The first script we wrote was to connect to the Instagram API through an access token and download information for images uploaded. We restricted ourselves to images that had the hash tag #me, which we assumed would contain photos of a person. We also restricted ourselves to images that are online for at least a month to allow it to have enough likes. Unfortunately, this metadata did not have user information – most importantly, the number of followers a user had. We needed this information to normalize the likes of a photo. Instead of just the number of likes, if we could get the ratio of the no. of likes to the no. of views, that would give us a better estimate of how popular an image was. The no. of views could roughly be quantified by the no. of followers a user has.
Next, we got a unique list of users from the image information. We had to get the user information for each of these users from another endpoint which contained the no. of followers a user had. For this endpoint, Instagram permits 5000 API hits per access token. In order to parallelize the process, we collected multiple access tokens by setting up the OAuth protocol and asking our friends to login. Our first attempt used the requests library in Python to interact with the API. But requests in python is synchronous which means the execution is blocked until the server responds. So if you want to make thousand requests, you will have to do one request after the other one. Each request was taking approximately 1 second, which means it would take days to collect enough data.
Considering this limitation, we started exploring non-blocking I/O libraries like Node.js. Node.js provides an event-driven architecture and a non-blocking I/O. Using Node.js, we were able to hit the API much faster. We collected information of 100000 users.
These users had uploaded over 200000 images. Celebrities tend to have large number of followers and a new user will have less number of followers and therefore will likely have almost no likes. To make our training unbiased to such extreme cases, we decided to filter out users with very high and low number of followers. On observing the distribution of number of followers, we found that Standard deviation of the distribution was 5 times the mean. This implies that the data still had many outliers and the SD is not a good estimate of the central tendency. We then found the median and used the Median Absolute Deviation (MAD) estimate instead of SD in order to filter the images. This brought down the number of images to 120000.

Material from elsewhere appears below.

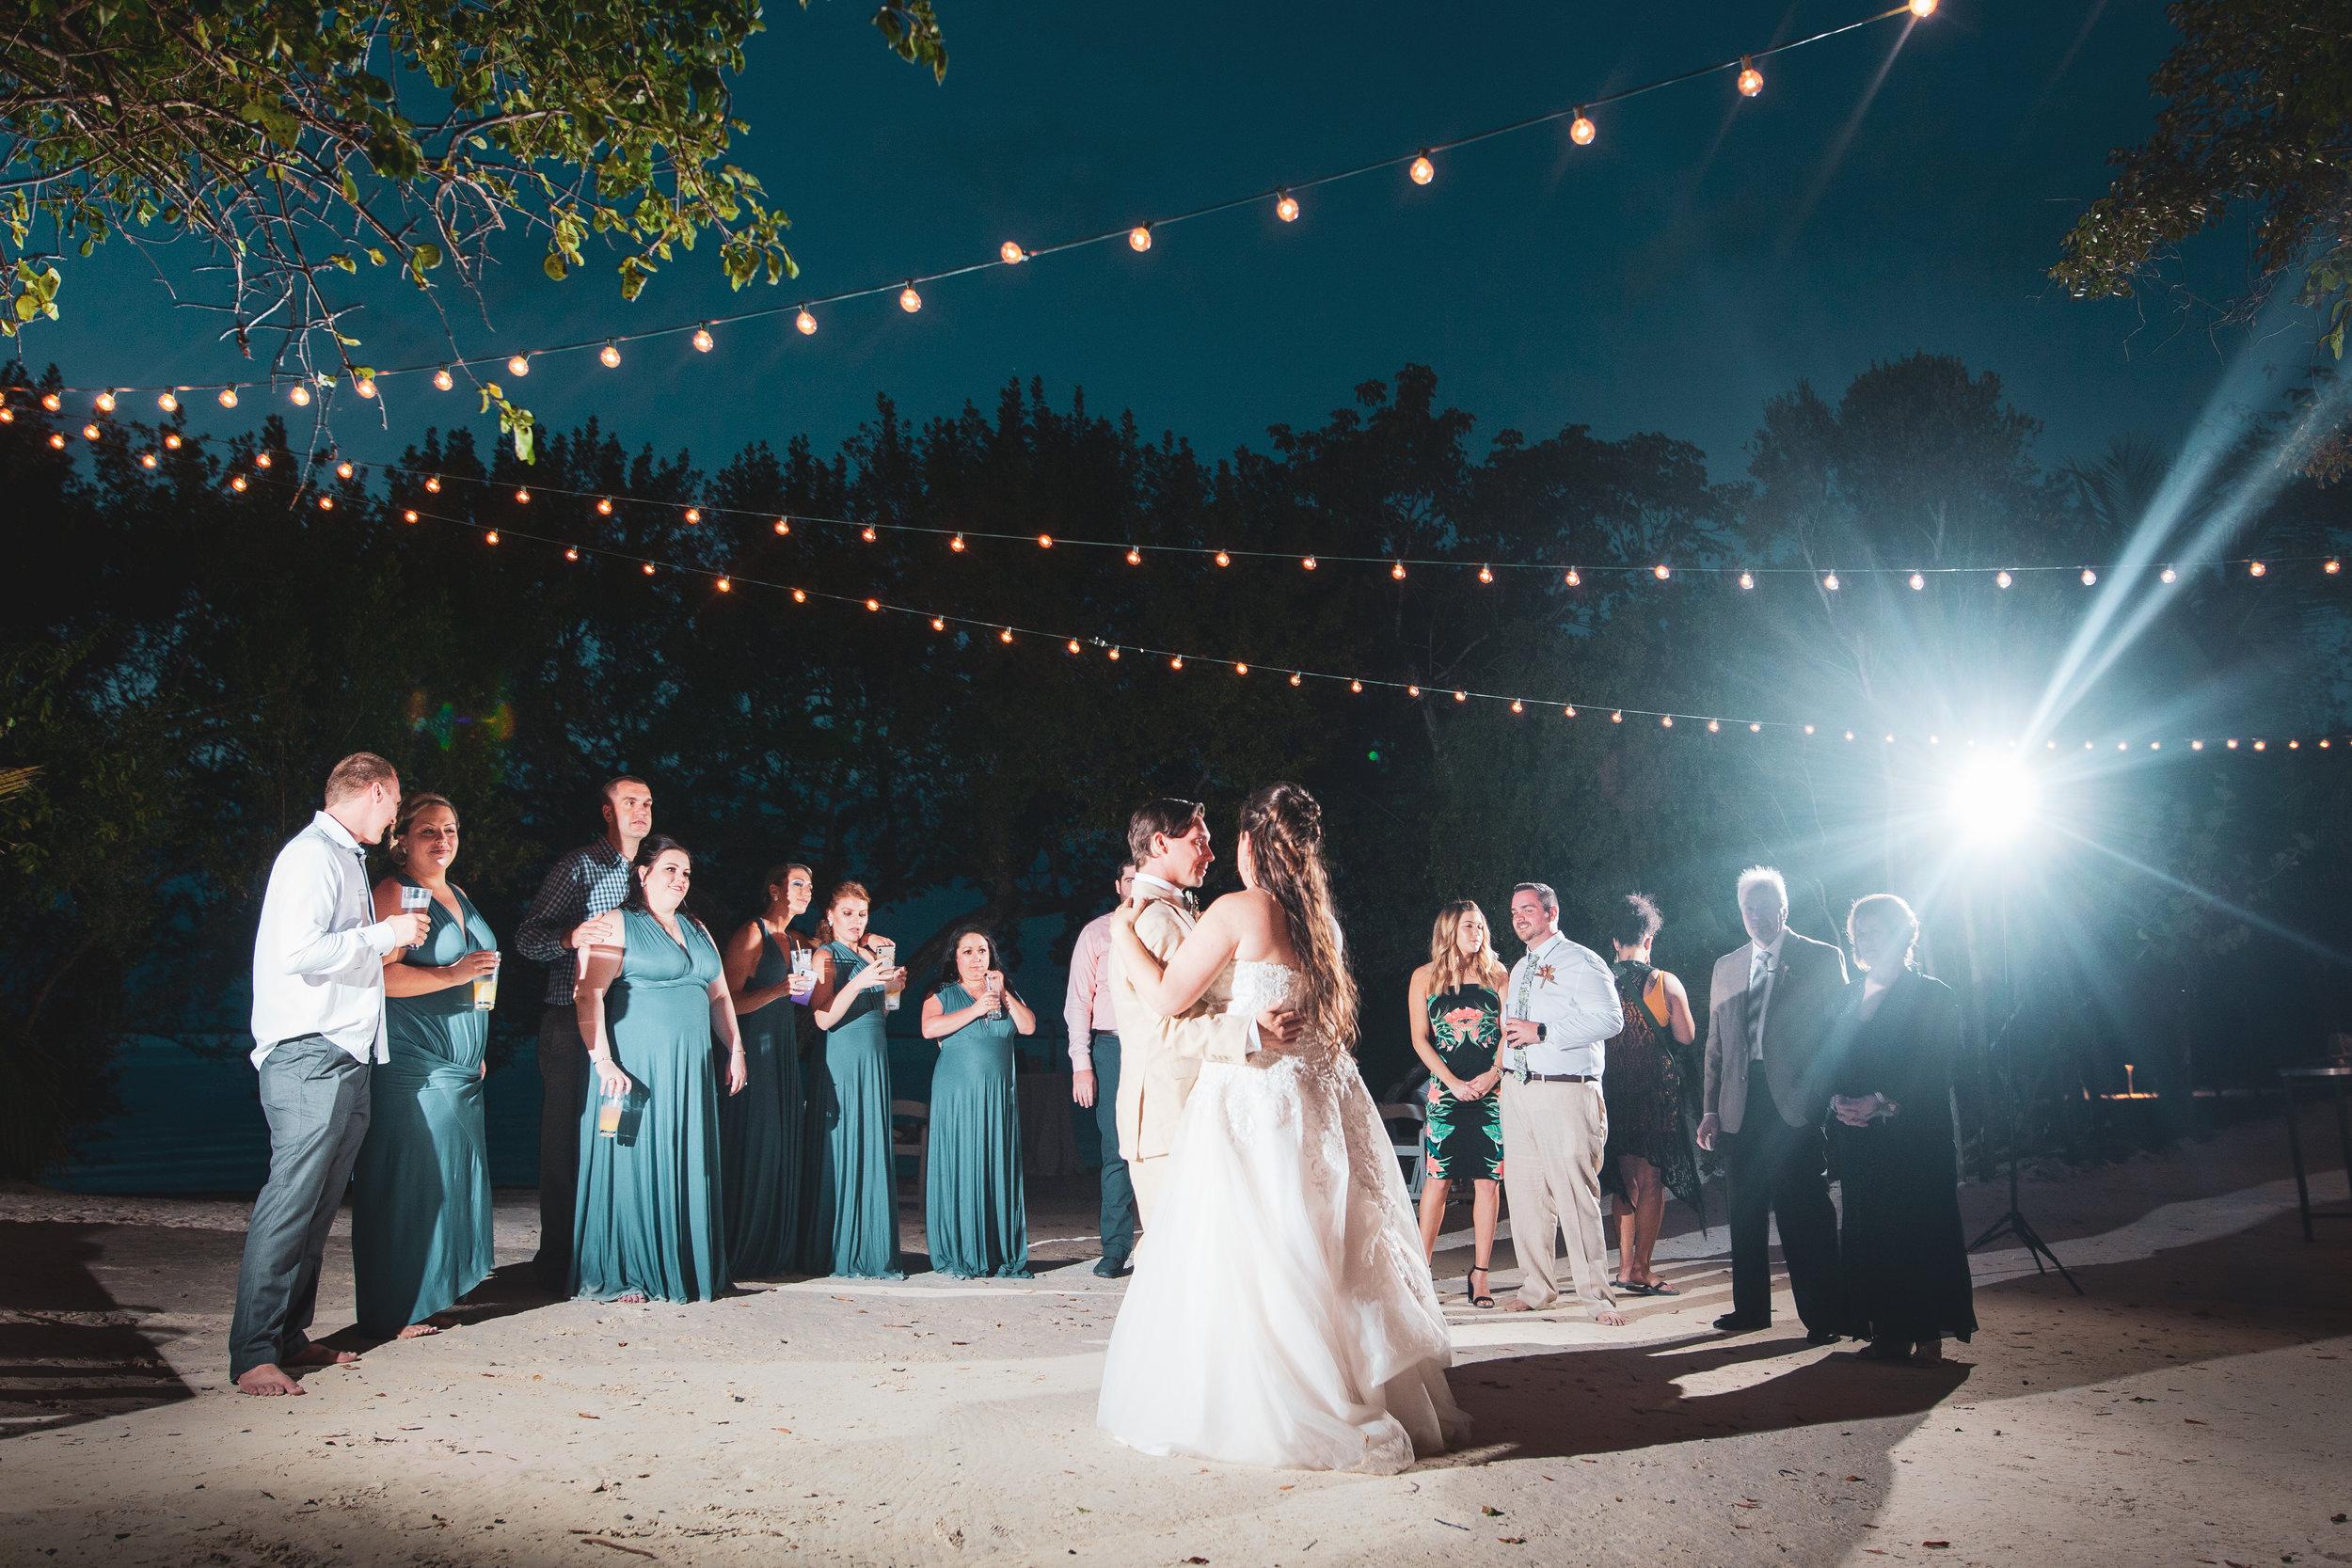 key largo florida beach wedding © kelilina photography 20190316185032-1.jpg

The image information had the URL. We used node.js to download all 120000 images. Here, we hit the limit on the number of files that can be open at the same time, as node.js was continuously opening files and waiting for the response from the URL to write to those files. We had to change the ulimit of the OS to get over this. Another problem we faced was node.js starting too many workers that caused the OS to stop responding. To overcome this, we wrote a loop in our code that restricted the no. of workers to a value we could select. We also had a few problems with programming for concurrency but we were able to work around it. All of our scripts had a computational complexity of
O(n) and a space complexity of
On eye-balling the collected images, we found that most of the images weren’t photos of people. There were a lot of pictures of quotes and the like. We certainly wanted to filter these images to make the dataset less noisy. We applied OpenCV2 face recognition algorithm to detect human face/eye in the image and narrowed down to just photos of people. In spite of running on multiple cores, OpenCV took 10 minute for 1000 images. It would take a day or more to classify all 120000 images. Therefore, we looked for alternatives and found CCV 3, a modern computer vision library. CCV uses a 2014 algorithm to detect faces rather than the decade old one used by OpenCV and has a 30% greater accuracy. It was able to classify 1000 images in less than a minute.
CCV filtered 60000 good images from the 120000 provided. We ran the steps mentioned after this but found that even this was too noisy with a lot of false positives. The machine learning model did not work very well with the false positives. CCV had a confidence rating for it’s classification. As we had enough data, we filtered the images further by using a higher confidence rating even though this resulted in false negatives. Our final dataset had 35000 good images with very few false positives. The space complexity for this part was
We took the ratio of number of likes and followers for each image, sorted the images based on this ratio our data into two halves, one above 50 percentile of this ratio as good images (assigned binary 1 as label) and other half as bad images (assigned binary 0 as label).
We attempted to transfer knowledge from AlexNet ImageNet CNN 4. As shown in figure above, it has 5 convolutional layers and 3 fully connected layers. We applied this model to our cleaned image dataset and extracted FC6 and FC7 activation features, each of 4096 dimensions. We distributed the Caffe computation on CPUs available on Spark framework to speed up the feature extraction process. We performed data augmentation on collected features by considering horizontally flipped (mirrored) images.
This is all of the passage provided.